▸ Collected material
┌──

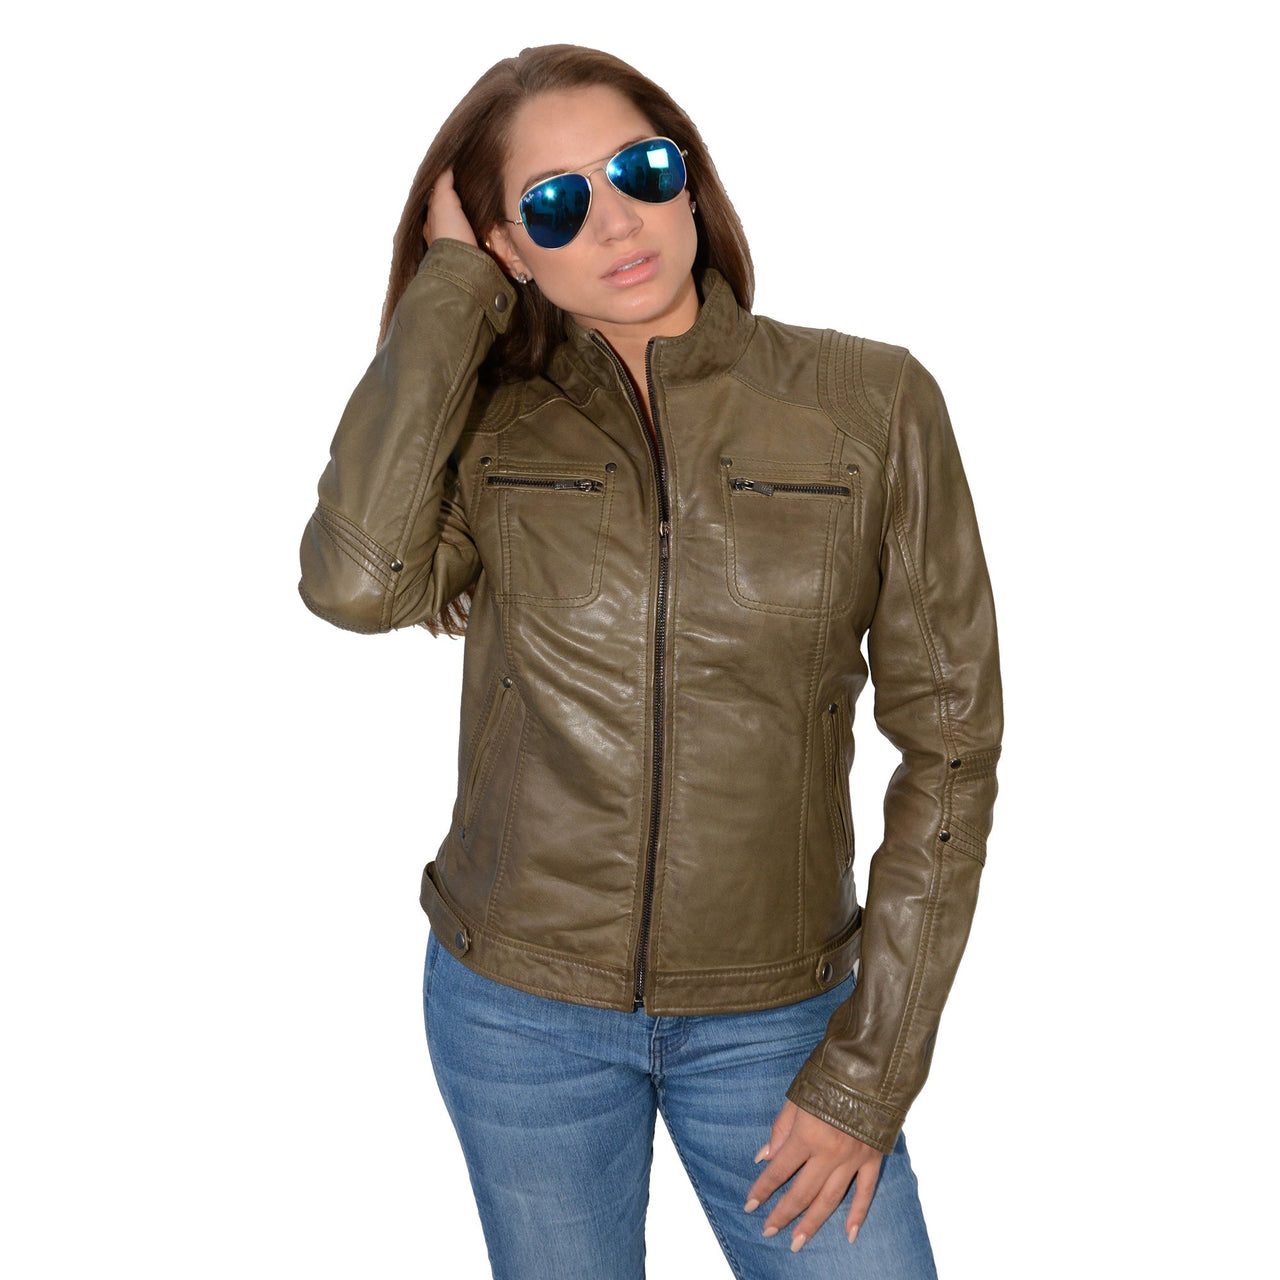 Ladies stand up collar racer jacket with rivet details - HighwayLeather
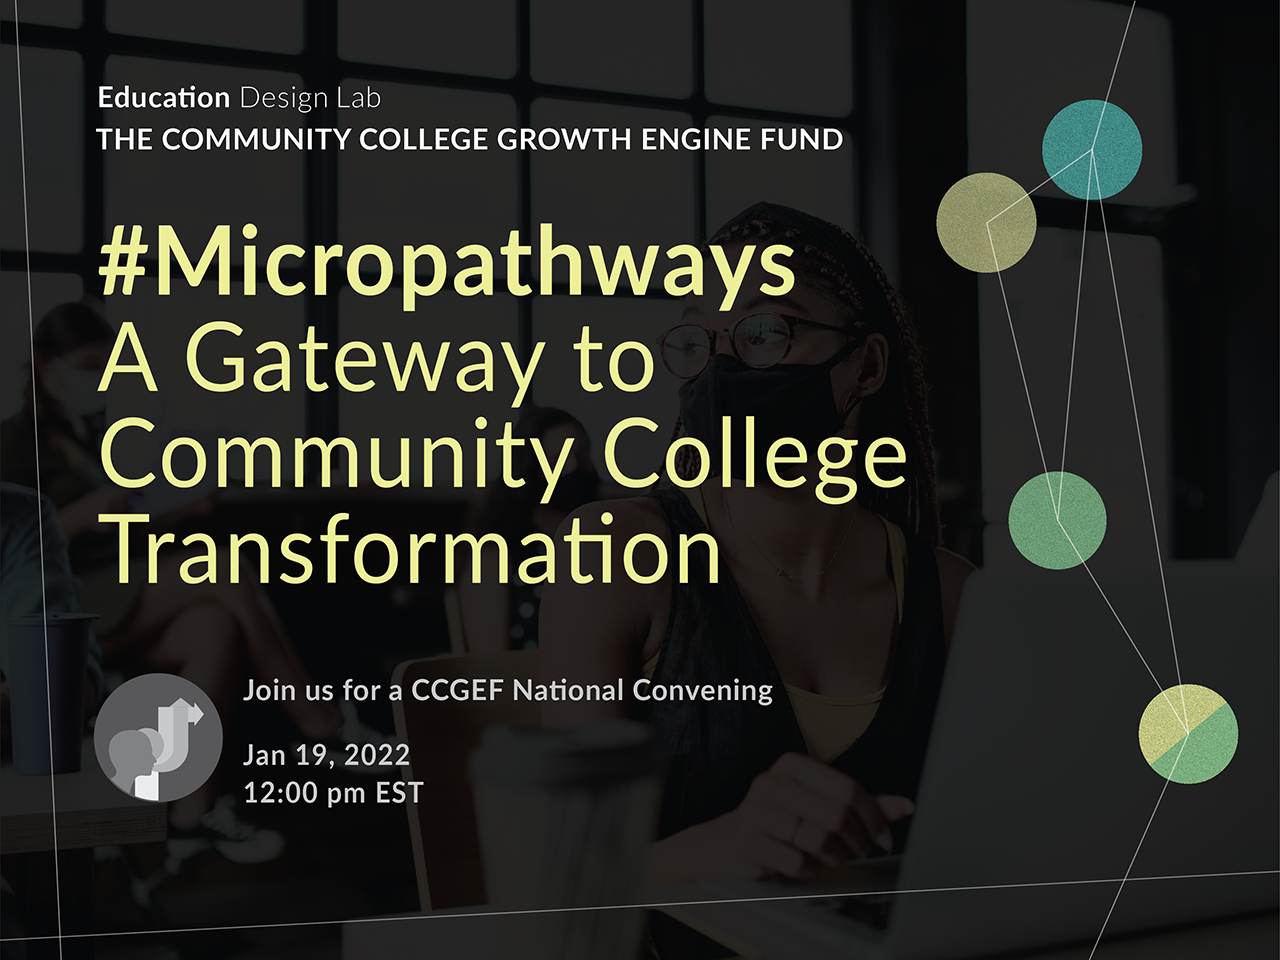 Accelerating Community College Transformation #CCGEF #Micropathways
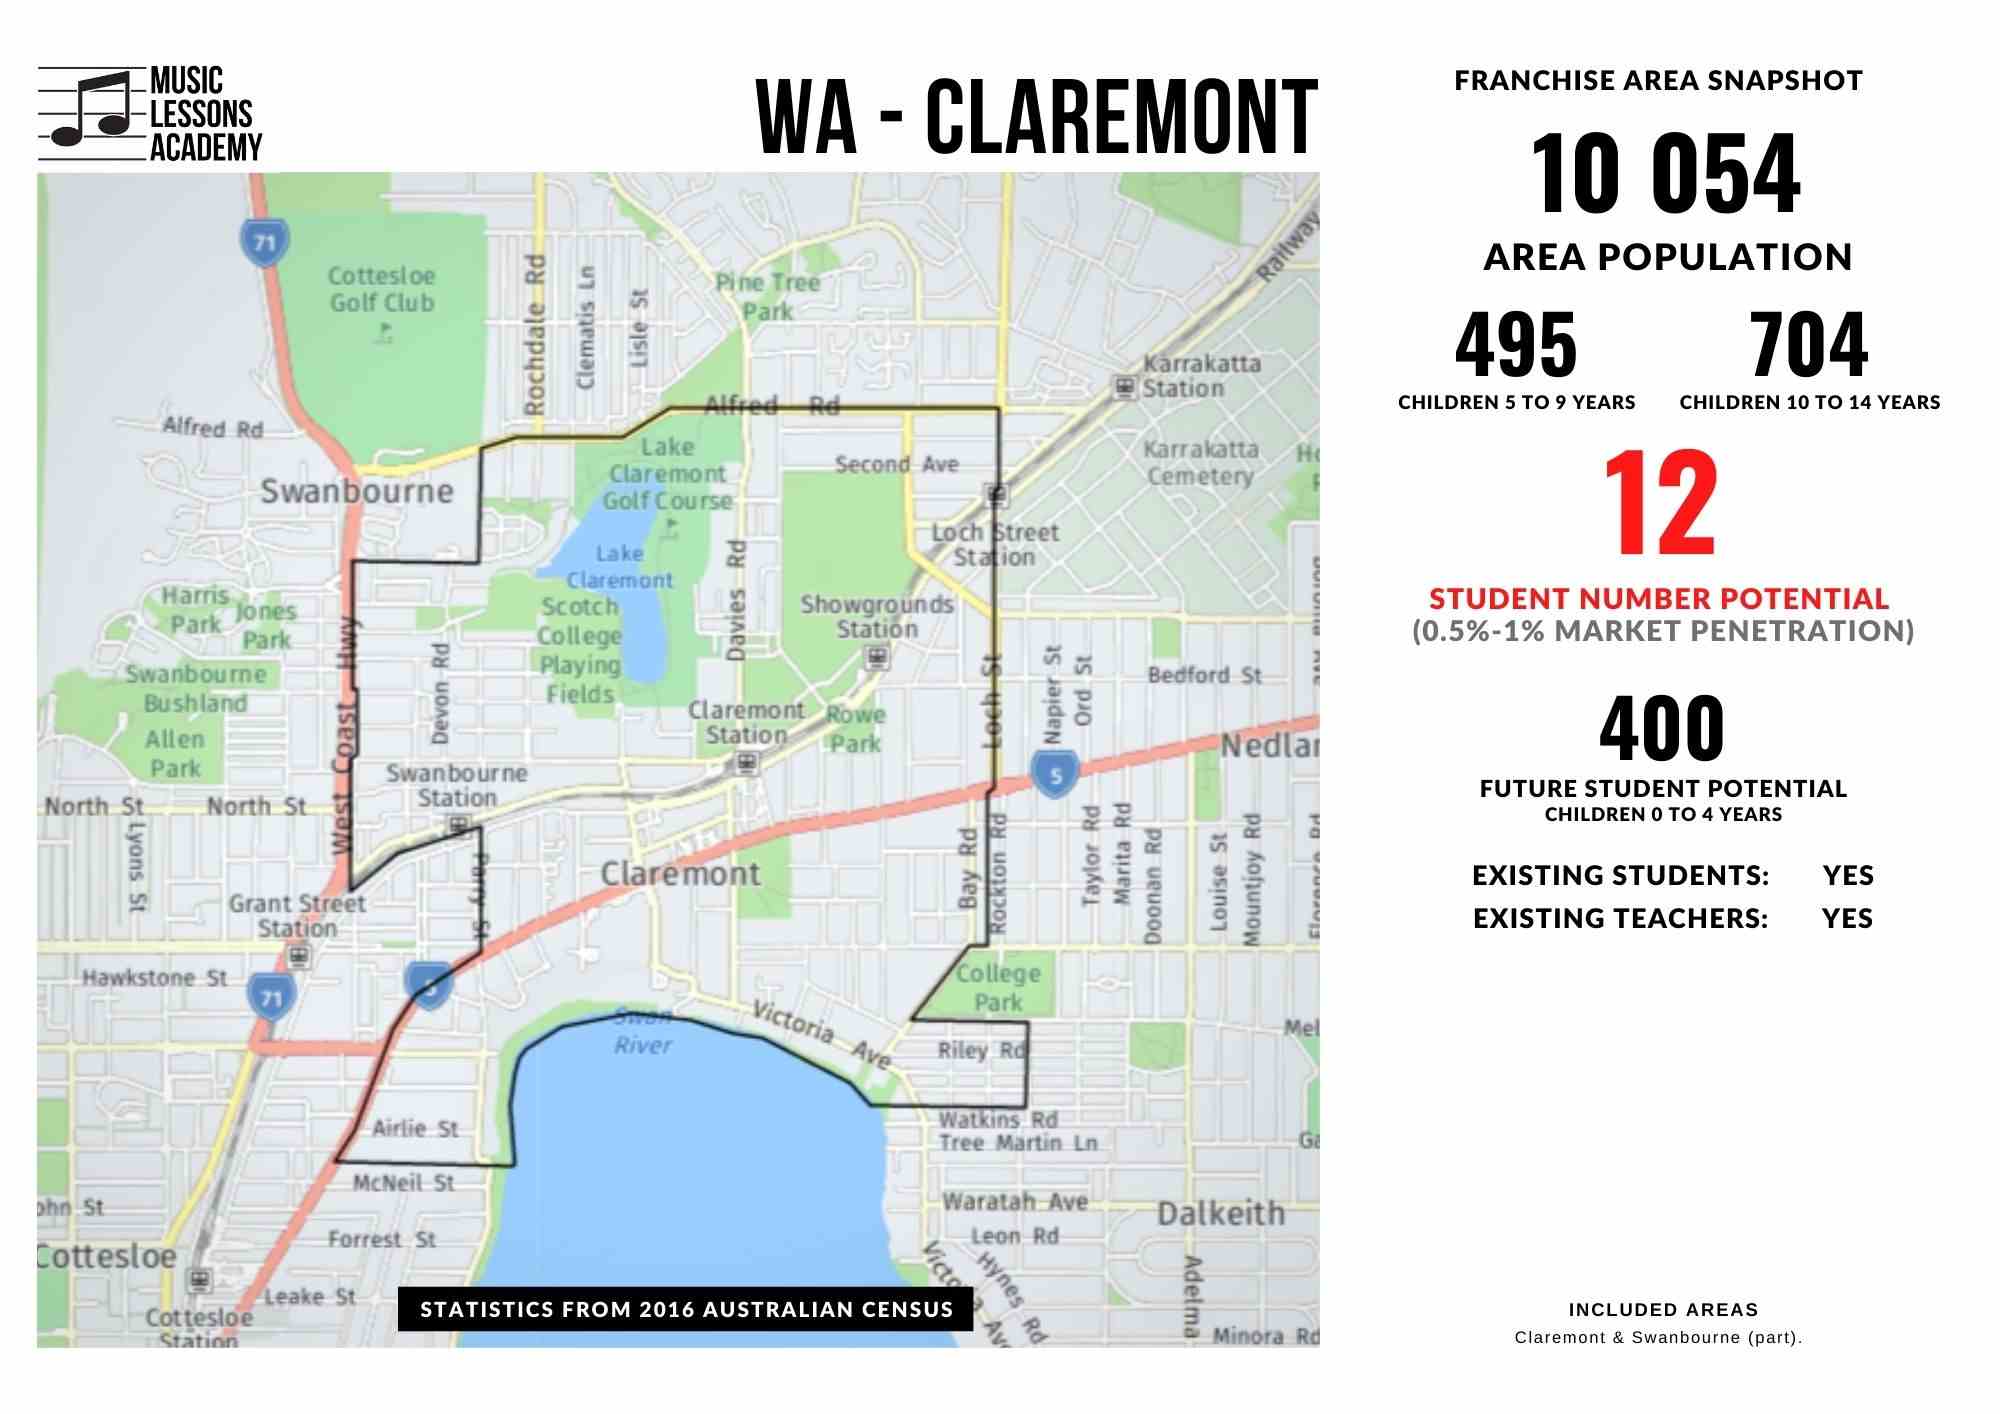 WA Claremont Franchise for sale

└──

▸ Work instruction
Every line of the listing above is to be set down verbatim, without the pictures.

▸ Result below
 Ladies stand up collar racer jacket with rivet details - HighwayLeather
 Accelerating Community College Transformation #CCGEF #Micropathways
 WA Claremont Franchise for sale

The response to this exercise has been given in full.